System Configurations:
  • file descriptors
    • Set maximum file descriptors.
      • '_setmaxstdio' for windows by default is 512 and maximum is 2048.
      • Recommended is 32k, 64k.
    • To view the number of file descriptors for the process use parameter '-Des.max-open-files=true' which will print the number of file descriptors for the process.
    • Alternatively user 'curl localhost:9200/_nodes/process?pretty'
  • virtual memory
    • By default mmap count is low for the operating system it can be improved.
      • 'sysctl -w vm.max_map_count=262144' in linux,
        • This can be set permanently using '/etc/sysctl.conf' file and updating 'vm.max_map_count=262144'.
  • memory settings
    • swap
      • By default linux swaps out processes which are not used which will result in poor node stability so swapping should be disabled.
      • Three options for swap
        • Disable swap completely.
          • sudo swapoff -a
          • Permanent Setting: comment out lines for 'swap' in '/etc/fstab'
        • Set vm.swappiness = 0, but still swap under emergency conditions.
        • mlockall, this locks address space into RAM which prevents swapping out.
          • set 'bootstrap.mlockall : true' in 'config/elasticsearch.yml'.
elasticsearch Settings:
  • Configuration files: are found under 'ES_HOME/config'.
    • 'elasticsearch.yml' for configuring elasticsearch different modules.
    • 'logging.yml' for configuring elasticsearch logging.
  • Paths for logs and data (path)
    • Usage: path.logs = 'path for logs', path.data = 'path for data'
    • Usage in commands: "-Des.path.logs = '/var/log/elasticsearch'"
    • path:  logs: /var/log/elasticsearch
        data: /var/data/elasticsearch
  • Cluster Name (cluster)
    • Usage: cluster.name = 'name of your cluster'
    • Usage in commands: "-Des.cluster.name = 'name of your cluster'"
    • cluster:  name: <NAME OF YOUR CLUSTER>
  • Node Name (node), this is the default node name.

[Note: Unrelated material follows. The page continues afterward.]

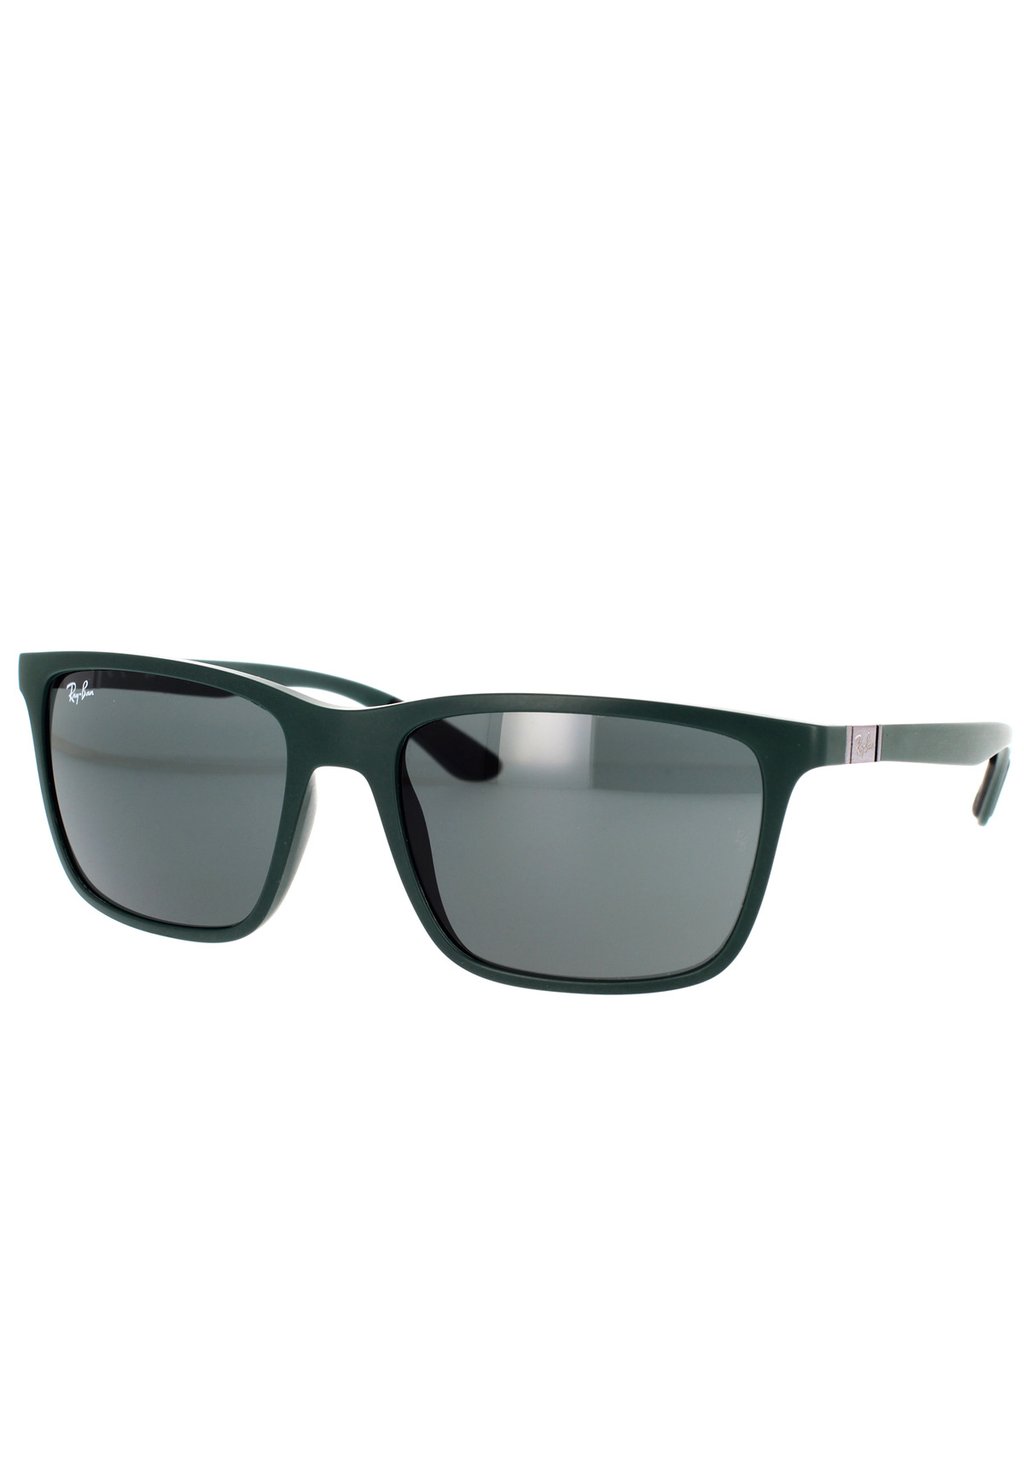 Солнцезащитные очки Ray-Ban, зеленые

By default it will randomly assign a Marvel character name.
    • Usage: node.name = 'name of your node'
    • Usage in commands: "-Des.node.name = 'name of your node'"
    • node:  name: <NAME OF YOUR NODE>
  • By default uses YAML format, can be converted to JSON if necessary where Node Name will be:
    • {
          "node" : {
              "name" : "NAME OF YOUR NODE"
          }
      }
  • If an external file is used it can be configured using '-Des.config = /path/to/config/file'.
index settings
  • indices created can be memory based or file based. By default it is file based and can be memory based by passing YAML or JSON paramter.
    • Usage in commands: "-Des.index.store.type = memory"
logging
  • uses log4j and supports yaml/json/properties formats. If multiple files are present it merges all the files.
  • Prefix: logging.
  • Suffix: .yml, .yaml, .json, .properties
  • Folder contains required java packages. 
multiple data
  • path.data: /mnt/first,/mnt/second
  • path.data: ["/mnt/first", "/mnt/second"]